Dans un monde livré au totalitarisme marchand, où tout s’achète et se vend, serait-il possible tout de même d’avoir « quelque chose » en échange de… rien ? Par exemple, un revenu pour avoir juste le « droit de vivre », même sans avoir à travailler pour « mériter » ce droit ?

Alors que la page du plein emploi et du salariat semble se tourner, suite aux délocalisations et autres « lois Travail », la vieille idée d’un revenu universel versé inconditionnellement à chacun juste pour garantir son « droit à l’existence » revient en force dans une société fracturée – et en grande souffrance.

Cette idée d’un revenu d’existence, versé sans condition ni contrepartie, de la naissance à la mort, a rejailli de la boite à belles promesses électorales, forcément finançables avec « l’argent des autres », lors de la dernière présidentielle en France…

Elle quitte graduellement le domaine des grands principes pour refaire « débat », en parfait marqueur de nos grandes interrogations contemporaines,dans un monde d’incertitudes croissantes dont les aiguilles s’affolent – et tournent, aux yeux désormais désillés du plus grand nombre, dans un sens contraire aux plus élémentaires des aspirations humaines…

 

 

 

Vers un nouveau « pacte social » ?

 

Le revenu universel sera-t-il le prochain « modèle économique » de l’humanité ? Celui qui assurerait une « organisation plus intelligente des richesses » et redessinerait les contours d’une société plus juste et plus vivable, enfin ?

« Si l’homme est dénué des moyens d’existence, son droit à la vie devient un leurre » rappelait l’ancien ministre Jacques Duboin (1878-1976). Pendant la Grande Dépression de l’entre-deux-guerres, celui qui était alors député de Haute-Savoie plaidait pour l’instauration d’un « revenu social assuré à tous de la naissance à la mort» – il avait l’oreille des décideurs d’alors mais n’a pas été écouté.

Conçu comme une « prestation universelle qui traduit une reconnaissance comme membre de la communauté », ce revenu permet d’accéder à un travail choisi plutôt que subi : plutôt que de demander à une personne de chercher un travail de plus en plus introuvable pour un hypothétique salaire qui donne de moins en moins accès à l’essentiel, ne vaudrait-il pas mieux désormais lui accorder un revenu afin qu’elle puisse enfin… se mettre à travailler ? Simplement, le travail ne serait plus une obligation de survie préalable puisqu’il n’échappe à personne qu’il en faut de moins en moins pour produire toujours plus dans une société qui s’éloigne à grande vitesse de ceux qui la font tourner…

Cette utopie réaliste conjuguerait efficacité et équité.
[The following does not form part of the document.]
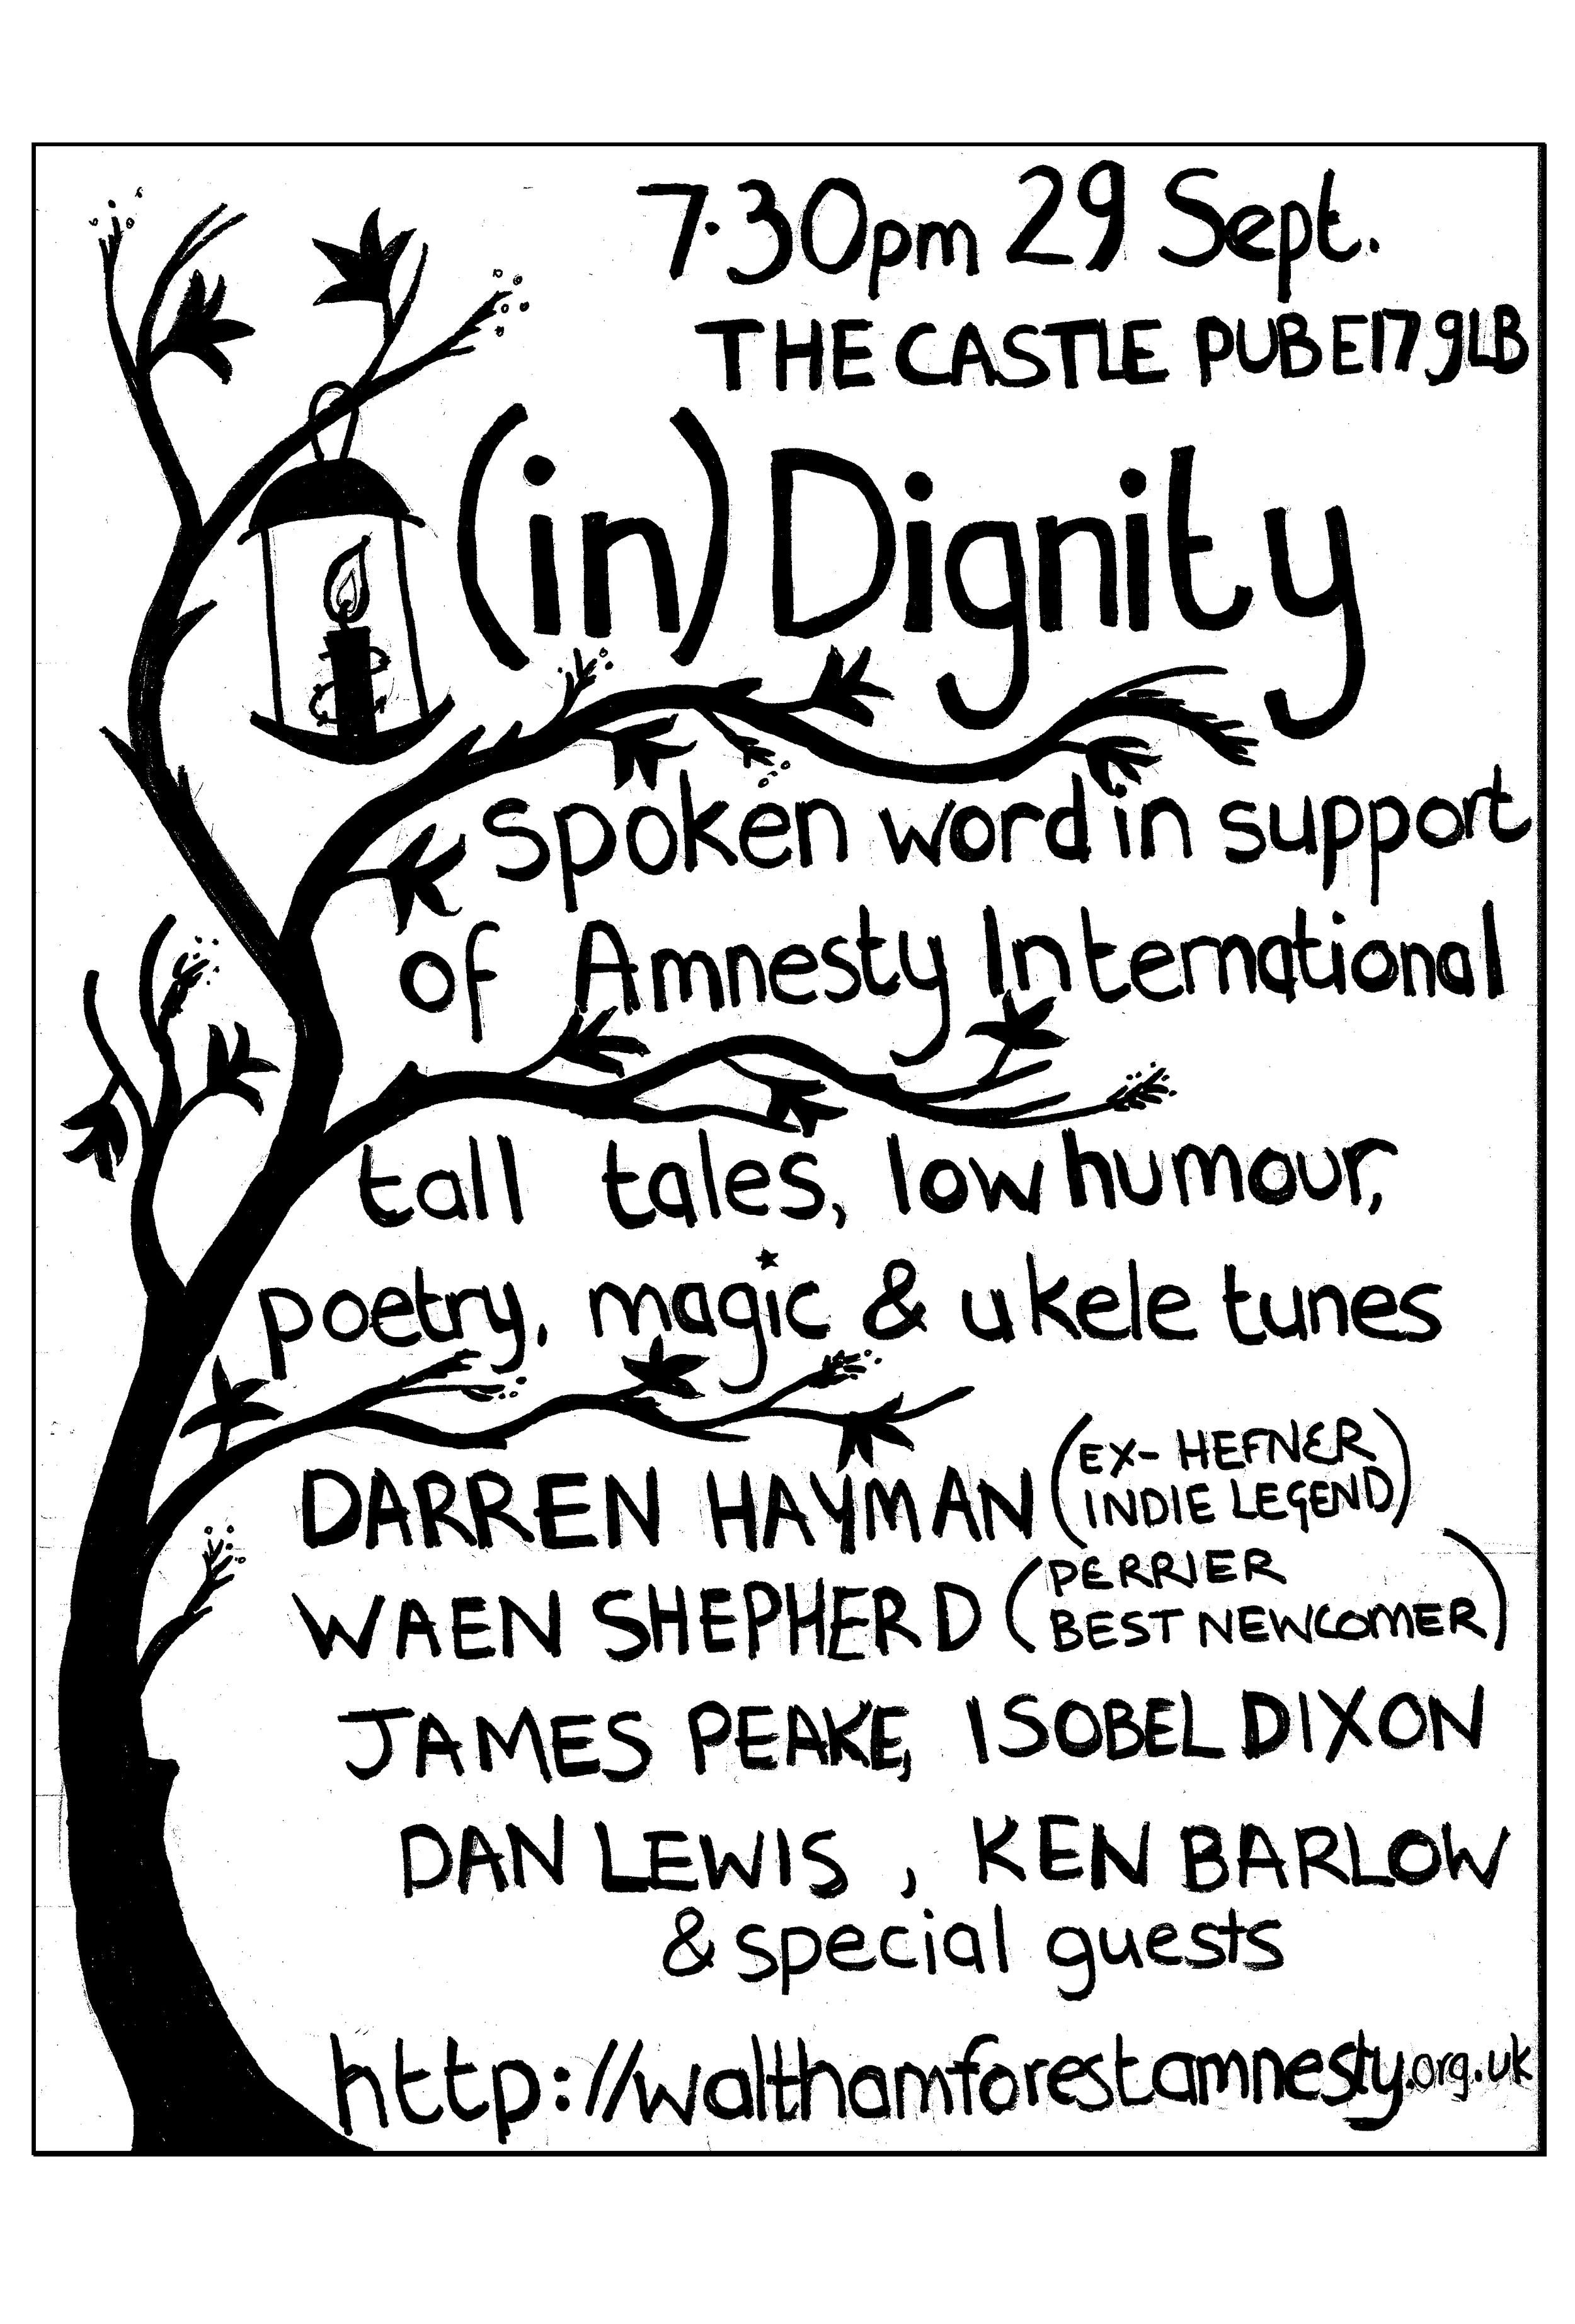 Amnesty International Reading in Walthamstow, 29.9.09

Précisément, elle nous ferait passer d’une société de « précarité subie » à une société de « mobilité choisie » et d’une « société de l’argent » à une « société des talents ».

 

Vers la désargence

 

Comme la transition énergétique, une telle économie suppose toute une préparation, compte tenu de l’inflammable accumulation d’ « avoirs financiers » et d’ « actifs sous gestion », en quête de « rendement » – et en bonne voie de volatilisation…
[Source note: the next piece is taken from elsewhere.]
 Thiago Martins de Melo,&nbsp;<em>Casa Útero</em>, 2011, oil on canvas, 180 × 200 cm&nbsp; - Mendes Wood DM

Paul Ariès imaginait de verser une partie du revenu universel en monnaie nationale, une autre en monnaie locale et une dernière sous forme de droits d’accès aux biens communs afin d’étendre la sphère de la gratuité. Car le droit de vivre décemment passe bien évidemment par le libre accès aux biens et services publics. Et par la gratuité du bon usage de ces services publics « face au renchérissement du mésusage individuel et collectif ».

Pourquoi ne pas aller plus loin dans cette extension de la sphère de la gratuité ? Pourquoi focaliser l’attribution d’un revenu universel garanti sur un versement monétaire ? Si « l’argent est un problème » pour tellement d’humains à qui il manque cruellement, pourquoi continuer à poser la question du bien-être social en termes monétaires ? Pourquoi ne pas sortir de l’échange marchand et envisager une définition plus large du revenu universel ? Pourquoi ne pas aller vers une définition d’un revenu qui ne serait pas que monétaire mais inclurait l’accès gratuit à des biens et services considérés comme relevant d’un « marché » ? Pourquoi ne pas accéder enfin à une société de la désargence pour en finir avec une abstraction fondamentale qui sépare chacun de sa réalité ?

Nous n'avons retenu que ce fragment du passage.